2. We need to be humble 

There are many ways to solve a problem. 

To figure out the best way, you need to listen a lot and communicate consistently with the end user. 

You also need to communicate with internal teams and different departments. These other teams have a ton of knowledge that can fuel your solutions. They know what can be done and what can’t be done, but they might also have insights into what the problem is if you haven’t yet worked it out. 

As UX designers, we’re linking all this knowledge together to create a solution that is the right fit for our users. This is why being humble is crucial. Something you worked on might not solve the problem. The problem you thought was the problem might not be the problem at all, and it’s important to acknowledge this. 

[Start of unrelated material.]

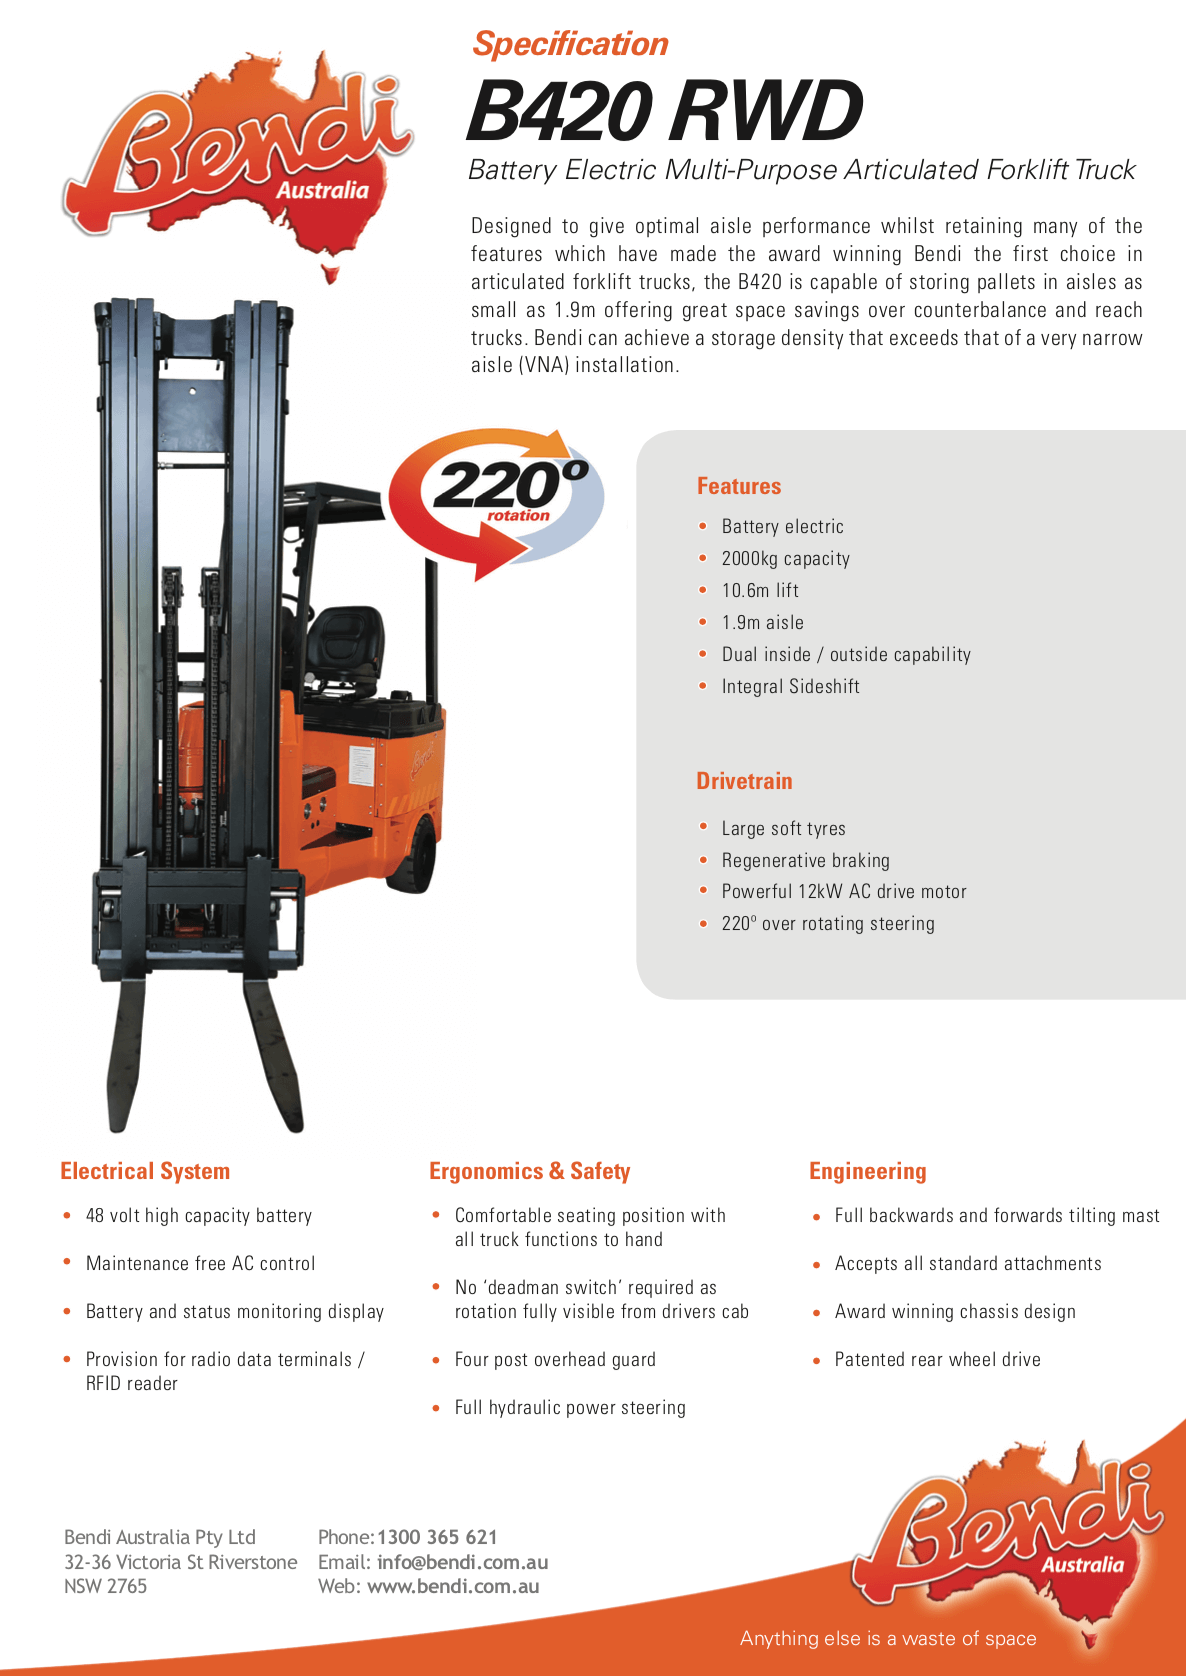 B420 RWD Forklift

3. We’re observers as well as listeners

Listening is a big part of understanding what users want, but observing is critical. 

Users might not tell you the truth. They might tell you what they think you want to hear. Observing fills in the gaps and taps into actions rather than words. Data is pivotal for this, so it’s important you can understand data or are at least beginning to grasp it. Users might be telling you one thing, but if the data is saying something different, it’s up to you to discover what’s really going on. 

4. We have to stay open-minded 

UX designers have to be resourceful with the contradictory information they get, and it’s crucial to be open-minded to really understand what’s going on–especially if you’re working on a global product. Different people process things in very different ways.